Had it towed to M Haines LTD. Idler roller seized, overheating, stretching and shredding the belt.

Mike has been a mensch on the phone and actually had a good recommendation for another shop in the area. 
The tow truck driver gave Mike a good endorsement as well, for what that's worth.
I'll let you all know how it ends. opcorn:

Long story, but I'd bet that roller was factory original. 
I took it to a dealer back home in MN for the last timing belt change, a cam seal, spark plugs and coolant level sensor. 
They tried to ding me $4200. 
After some discussion, pointing out that they were charging me 3x for the labor to access the engine, this dealer reduced the estimate to $2700. 
A year and a half later, I found out that they never changed the spark plugs. 
I changed them at 60K, one of my Bosch ones broke, so I reused an original NGK. 
Got distracted and didn't get back to it. 
At 150K, I decided to replace them again when my fuel economy started going south. 
I found my 5 Bosch and one NGK from the 60K change were still in there. 

I found out yesterday that they did not use a genuine VW replacement belt. 
Therefore, I'd be willing to bet those rollers, tensioner, thermostat and water pump didn't get changed either. 
So I had paid $2700 for a belt, coolant level sensor and oil change.

If that IS the case, I have to hand it to VW engineering to have gotten me this far! :beer: 

But, I should have looked deeper, when I found the plugs hadn't been changed. 
And I knew it was getting near the limit of expected change. 
I just wanted to defer the expense until after Meg's wedding. So some of this is on me.
However, if I had to be stuck somewhere waiting for my car to get fixed, there are worse places to be than the Hyatt Place in Uncasville.


----------



## rayj (Jun 10, 2009)

I had a similar circumstance with my used wagon. When i bought it the records showed new cam seals and vcg at 108K. A week after i bought ot at 120K, i smelled burnt oil. When i had my mechanic change the same seals and vcg, he found the parts to be original.


----------



## jeteye97 (Jun 29, 2007)

Got the car back today, Mike was great!
Showed me the parts, and yes they were original to the assy line except the belt, which was Dayco.
Roller seized and tensioner failed! Lucky, Lucky, Lucky to have run this long!

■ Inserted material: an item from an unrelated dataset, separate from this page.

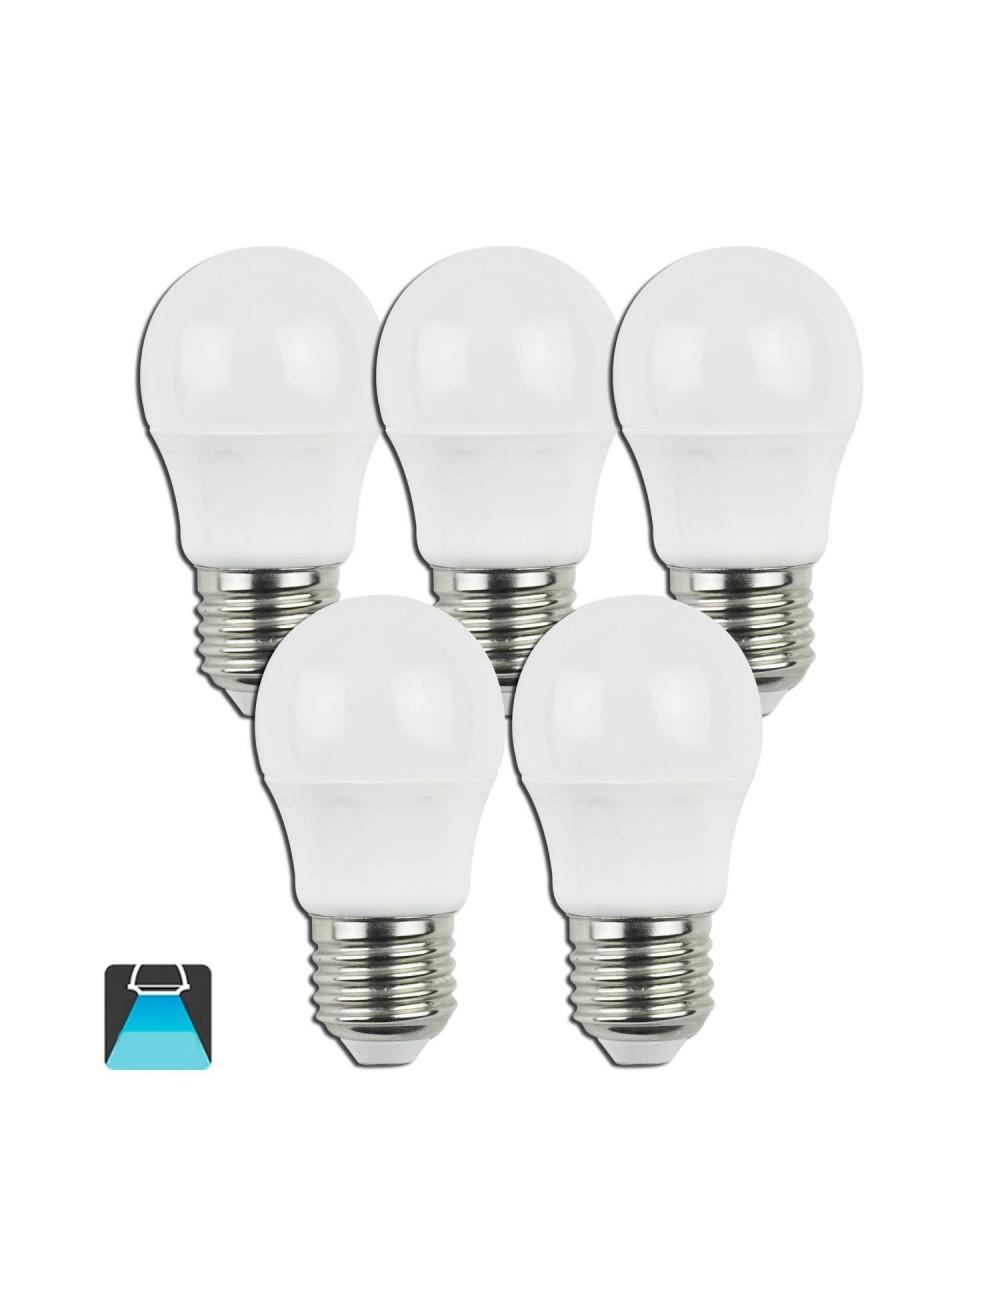 Lampadine led g45 pallina e27 5w 5 pz equivalenti a 45w for Lampadine led lumen

If anybody in CT/RI needs VW Audi work, I will highly endorse M Haines LTD, 333 Rt 184, North Stonington, CT. 
Very timely, very competent, honest to a fault! He adjusted my bill down due to an error on his estimate. I would have never known, cause we set everything up over the phone from my hotel. 
So, he could have dinged me for an extra $80, but he didn't. And he heli-coiled 3 busted bolts that the dealer pooched when they ripped it open the last time anything was done up there. Very happy now!


----------